Deze sectie heeft extra citaten nodig voor verificatie. Help dit artikel te verbeteren door citaten naar betrouwbare bronnen toe te voegen. Materiaal zonder bronvermelding kan worden aangevochten en verwijderd. (Januari 2011) (Leer hoe en wanneer u dit sjabloonbericht verwijdert)

BicycleEdit

Fietsen hebben soms een klassieke bolhoorn, die wordt bediend door in een rubberen bol te knijpen die aan een metalen hoorn is bevestigd. Door in de bol te knijpen wordt lucht door een stalen riet in de keel van de hoorn geperst, waardoor deze gaat trillen en een enkele toon produceert. De uitwaaierende hoorn past de akoestische impedantie van het riet aan de open lucht aan, waardoor de geluidsgolven efficiënt worden uitgestraald en het geluid luider wordt. Andere soorten hoorns die op fietsen worden gebruikt, zijn hoorns die op batterijen werken (soms zijn er zelfs autohoorns op 12-voltcircuits in verwerkt) en kleine luchthoorns die worden aangedreven door een klein blikje samengeperst gas.

MotorvoertuigenEdit

Moderne elektrische claxons gemonteerd in motorcompartiment

Claxon van Rolls Royce Phantom I Open Tourer Windovers (1926)

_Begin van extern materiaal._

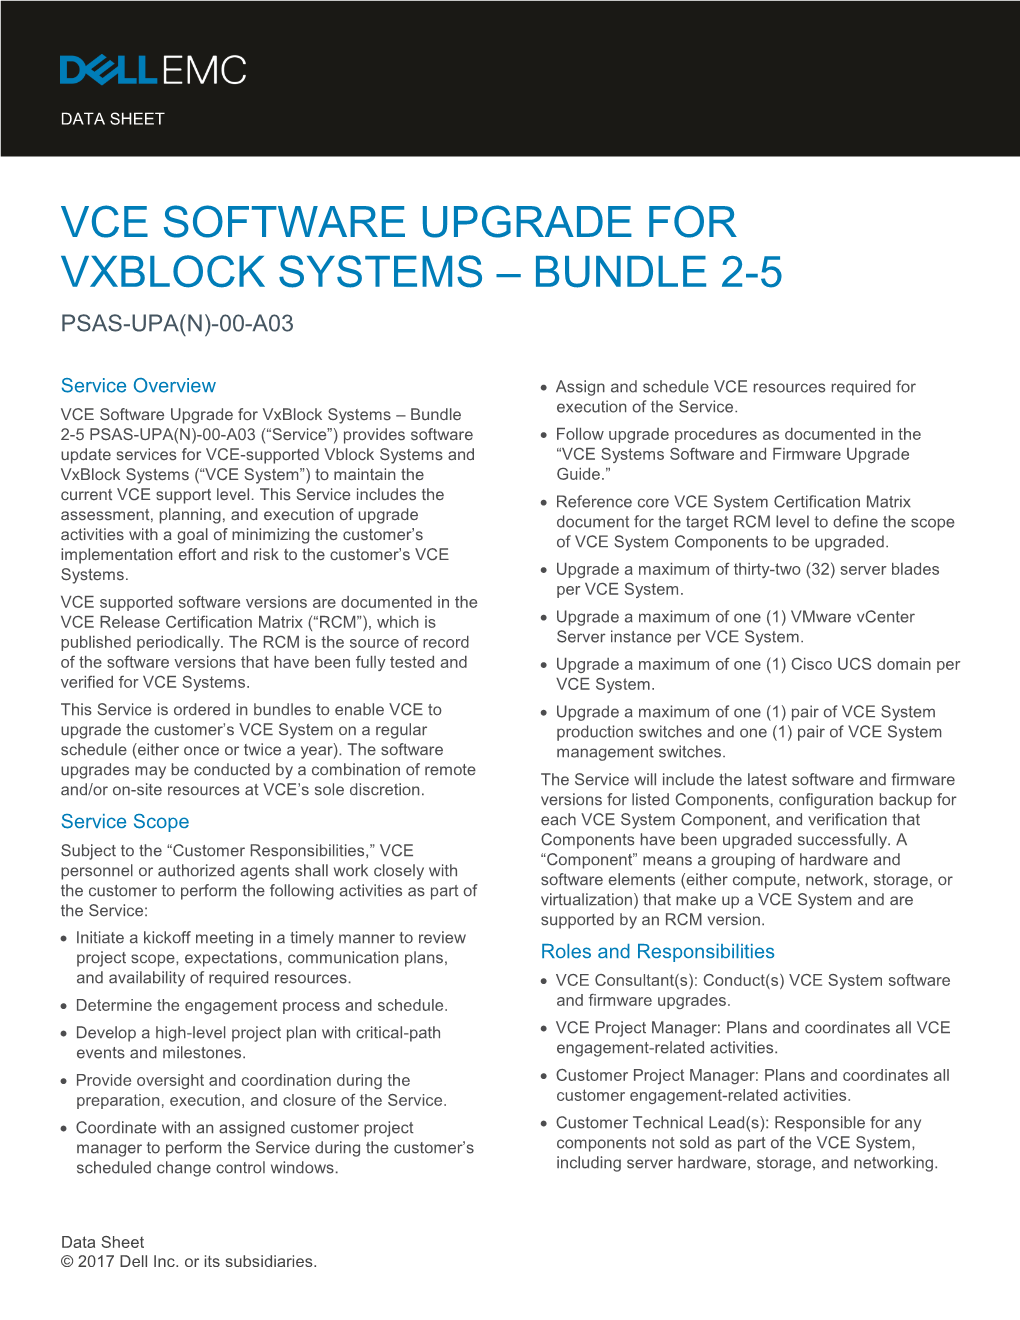 Vce Software Upgrade for Vxblock Systems – Bundle 2-5 Psas-Upa(N)-00-A03

Oliver Lucas uit Birmingham, Engeland, ontwikkelde een standaard elektrische autoclaxon in 1910. Autoclaxons zijn meestal elektrisch, aangedreven door een plat rond stalen diafragma waarop een elektromagneet in één richting werkt en een veer in de tegenovergestelde richting. Het diafragma is verbonden met contactpunten die herhaaldelijk de stroom naar die elektromagneet onderbreken, waardoor het diafragma de andere kant opveert, waardoor de stroomkring weer compleet wordt. Deze regeling opent en sluit de stroomkring honderden keren per seconde, waardoor een luid geluid ontstaat zoals bij een zoemer of een elektrische bel, welk geluid in een hoorn terechtkomt om te worden versterkt. Er is gewoonlijk een schroef om de afstand/spanning van de elektrische contacten in te stellen voor de beste werking. Een spiraalvormige exponentiële hoornvorm (soms “slak” genoemd) is in het huis van de hoorn gegoten, om de akoestische impedantie van het diafragma beter af te stemmen op de open lucht, en zo de geluidsenergie effectiever over te brengen. De geluidsniveaus van typische autotoeters zijn ongeveer 107-109 decibel, en zij trekken gewoonlijk 5-6 ampère stroom.

Hoorns kunnen afzonderlijk worden gebruikt, maar worden vaak in paren gerangschikt om een interval te produceren dat uit twee tonen bestaat, die samen worden geklonken; hoewel dit het geluidsvolume verdubbelt, is het gebruik van twee verschillende frequenties met hun slagfrequenties en ontbrekende grondtoon beter waarneembaar dan het gebruik van twee hoorns van identieke frequentie, vooral in een omgeving met een hoog niveau van omgevingslawaai. Typische frequenties van een paar hoorns van dit ontwerp zijn 500 Hz en 405-420 Hz (ongeveer B4 en G♯4, grote sext).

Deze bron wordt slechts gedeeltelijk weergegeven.